Are you a part of the DOCLINE community? How has ILL helped you?

Lisa Theisen began serving as Head of the Collection Access Section in the Public Services Division in March 2020. Ms. Theisen has been at NLM for 13 years, supporting DOCLINE and NLM’s Interlibrary Loan (ILL) operation.

Elisabeth Unger, MLIS, joined NLM’s Public Access Division, Collection Access Section, Systems Unit in 2008 to support DOCLINE and NLM ILL after working at the National Agricultural Library. In 2005 she became DOCLINE Team Lead where she was responsible for the latest redesign and relaunch of the esteemed system.

Dr. Isaac Kohane: Making Our Data Work for Us!
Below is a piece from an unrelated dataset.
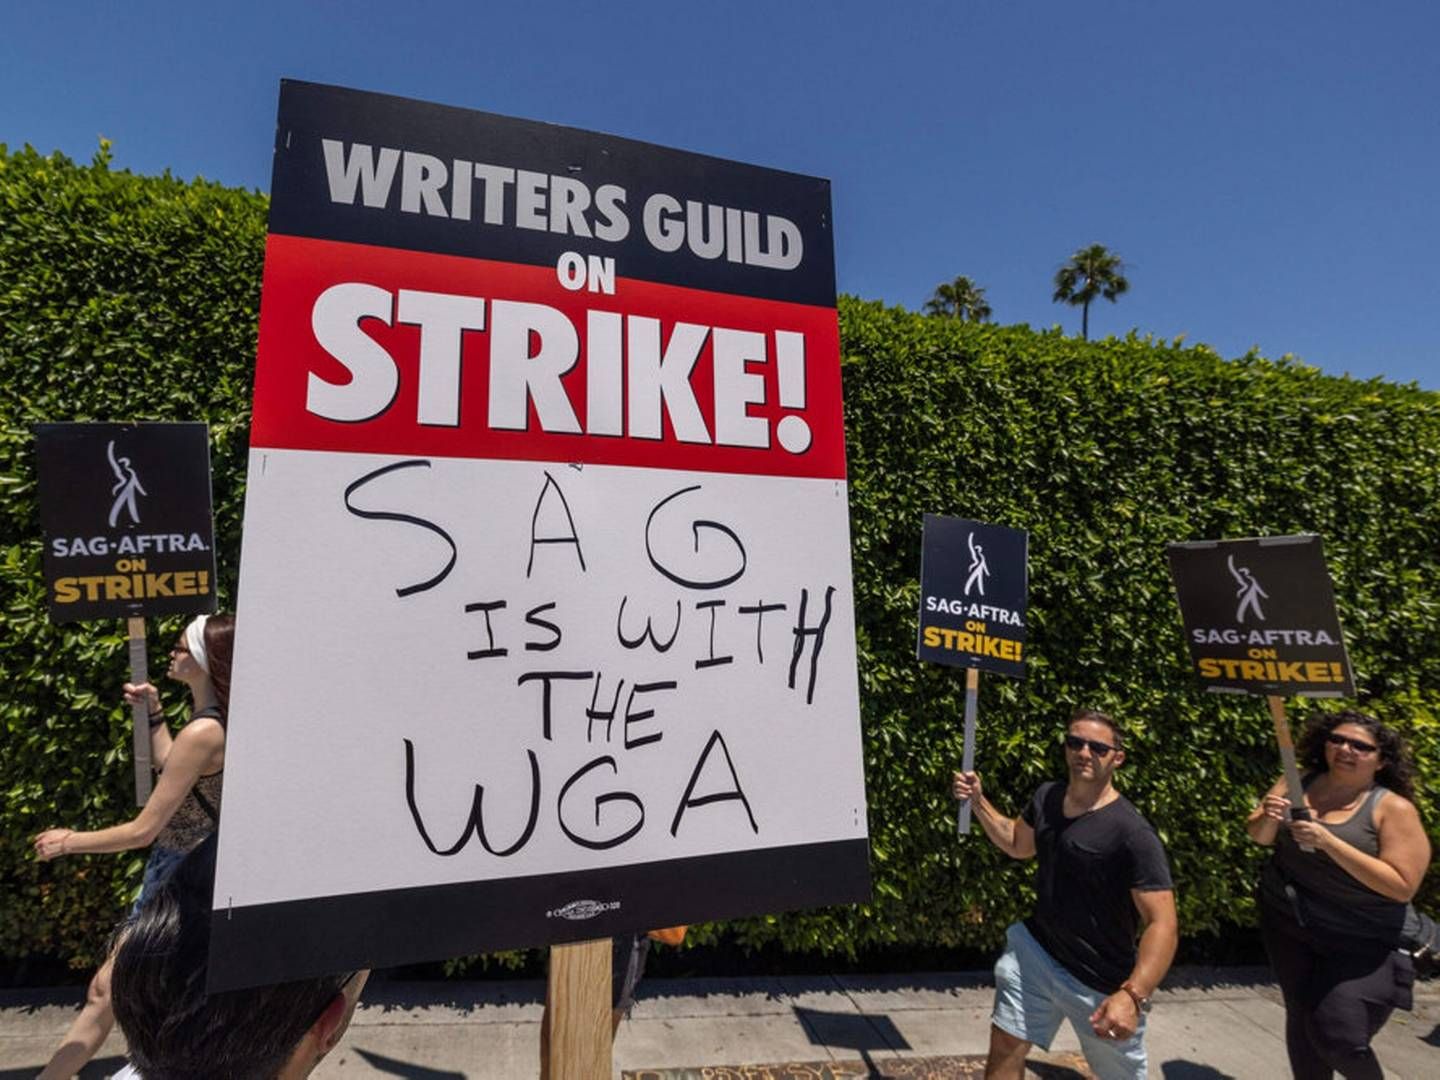 En strejke blandt manuskriptforfattere i Hollywood, som begyndte i maj, er blevet udvidet, da skuespillerne i Hollywood sluttede sig til strejken i juli. Mens forfatterne repræsenteres af fagforeningen WGA, er mange skuespillere samlet i SAG-AFTRA. (Arkivfoto) | Foto: David Mcnew/Ritzau Scanpix

Last weekend, Isaac Kohane, MD, PhD, FACMI, Marion V. Nelson Professor of Biomedical Informatics, and Chair of the Department of Biomedical Informatics at Harvard Medical School received the 2020 Morris F. Collen Award of Excellence at the AMIA 2020 Virtual Annual Symposium. This award – the highest honor in informatics – is bestowed to an individual whose personal commitment and dedication to medical informatics has made a lasting impression on the field.

Throughout his career, Dr. Kohane has worked to extract meaning out of large sets of clinical and genomic data to improve health care. His efforts mining medical data have contributed to the identification of harmful side-effects associated with drug therapy, recognition of early warning signs of domestic abuse, and detection of variations and patterns among people with conditions such as autism.
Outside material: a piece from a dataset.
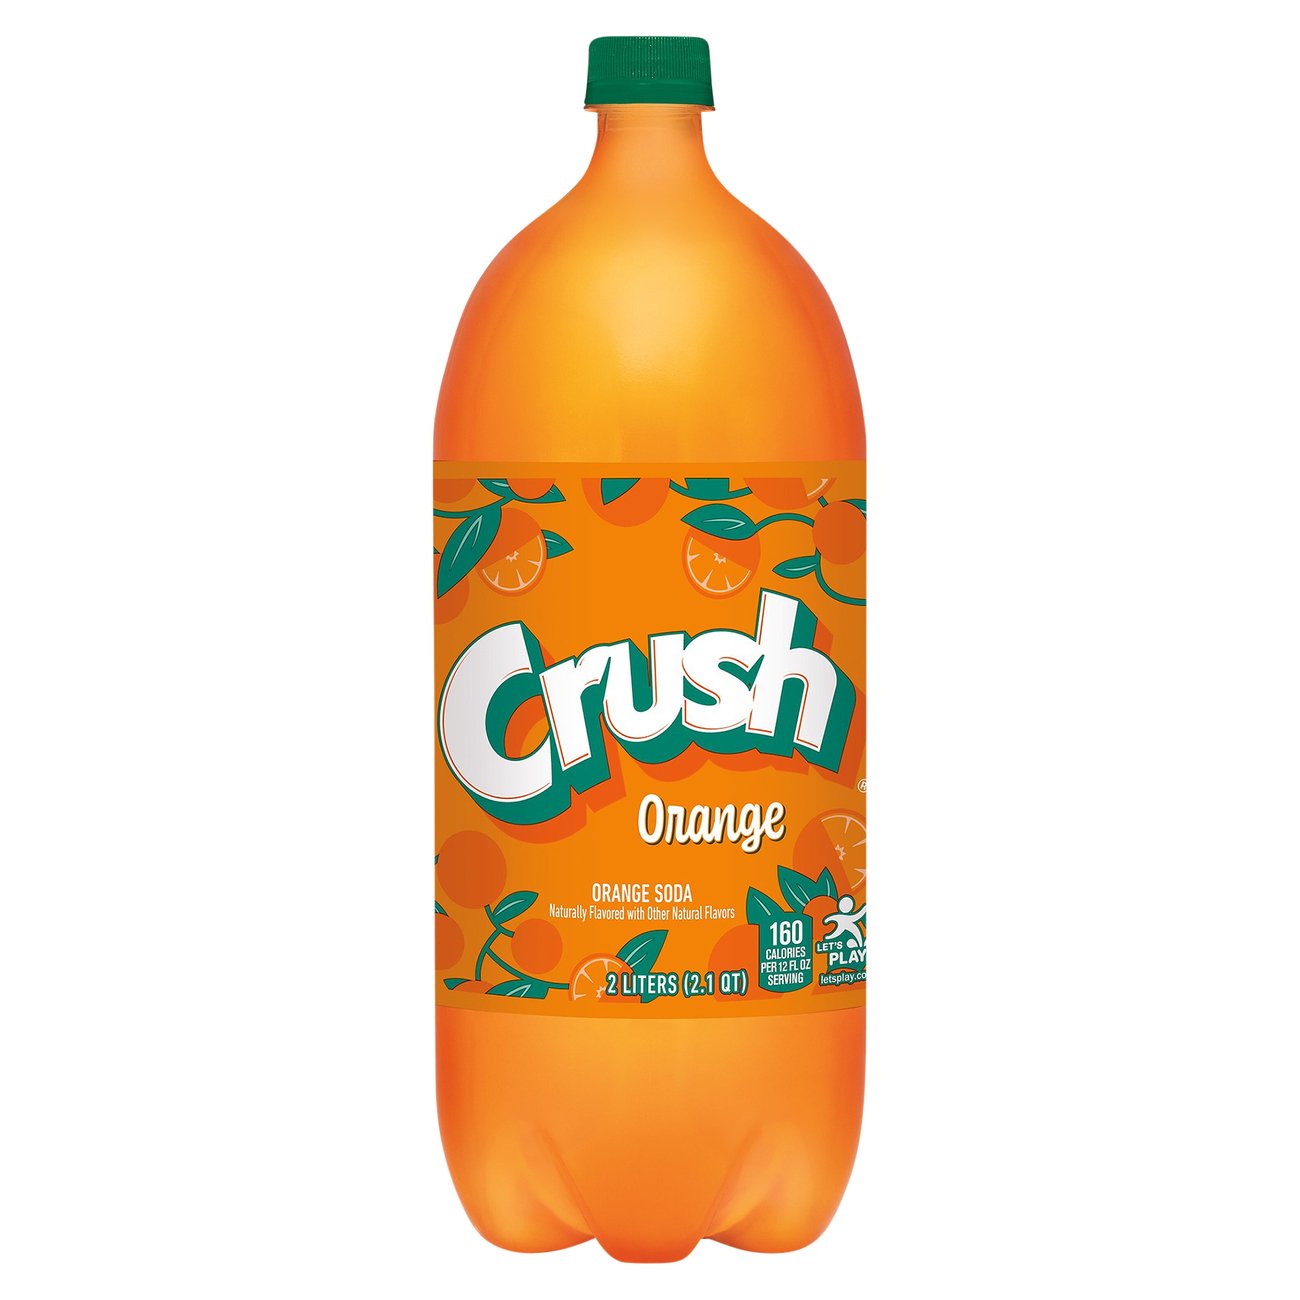 Fanta Orange Soda Bottle, 2 Liters

As the lead investigator of the i2b2 (Informatics for Integrating Biology & the Bedside) project, a National Institutes of Health-funded National Center for Biomedical Computing initiative, Dr. Kohane’s work has led to the creation of a comprehensive software and methodological framework to enable clinical researchers to accelerate the translation of genomic and “traditional” clinical findings into novel diagnostics, prognostics, and therapeutics.

Dr. Kohane is a visionary with a motto:  Make Our Data Work for Us! Please join me in congratulating Dr. Kohane, recipient of the 2020 Morris F. Collen Award of Excellence.

Hear more from Dr. Kohane in this video.

Video transcript (below)

The vision that has driven my research agenda is that we were not doing our patients any favors by not embracing information technology to accelerate our ability to both discover new findings in medicine, and to improve the way we deliver the medicine.

What does “make our data work for us” mean? It means that let’s not just use it for the real reason most of it is accumulated at present, which is in order to satisfy administrative or reimbursement processes. Let’s use it to improve health care.

Using just our claims data, we can actually predict – better than genetic tests – recurrence rates for autism. It’s the ability to show, with these same data, that drugs used for preventing immature birth in the genetic form are just as effective as those that are brand name; 40 times as expensive. It’s, as we’ve seen most recently, the ability to pull together data around pandemics within weeks, if and only if, we understand the data that’s spun off our health care systems in the course of care.

And finally, as exemplified by work on FHIR, which was funded by the Office of the National Coordinator and then the National Library Medicine, the ability to flow the data directly to the patient to finally allow patients’ access to their data in a computable format to allow decision support for the patient without going through the long loop of the health care system.

Because the NIH and NLM have invested in working on real-world sized experiments in biomedical informatics, on supporting the education of the individuals who drive those projects, and in supporting the public standards that are necessary for these projects to work and to scale, they’ve established an ecosystem that now is able to deliver true value to decision makers, to clinicians, and now to patients, as we’re seeing with a SMART on FHIR implementation on smartphones.

So, for those of you — the biomedical informaticians of the future who are clinicians — I strongly recommend that you don’t wait for someone else to fix the system. You have the most powerful tools to affect medicine, information processing tools. So, don’t wait to get old. Don’t wait to be recognized. You have the tools. Get in there, help change medicine. We all depend on you!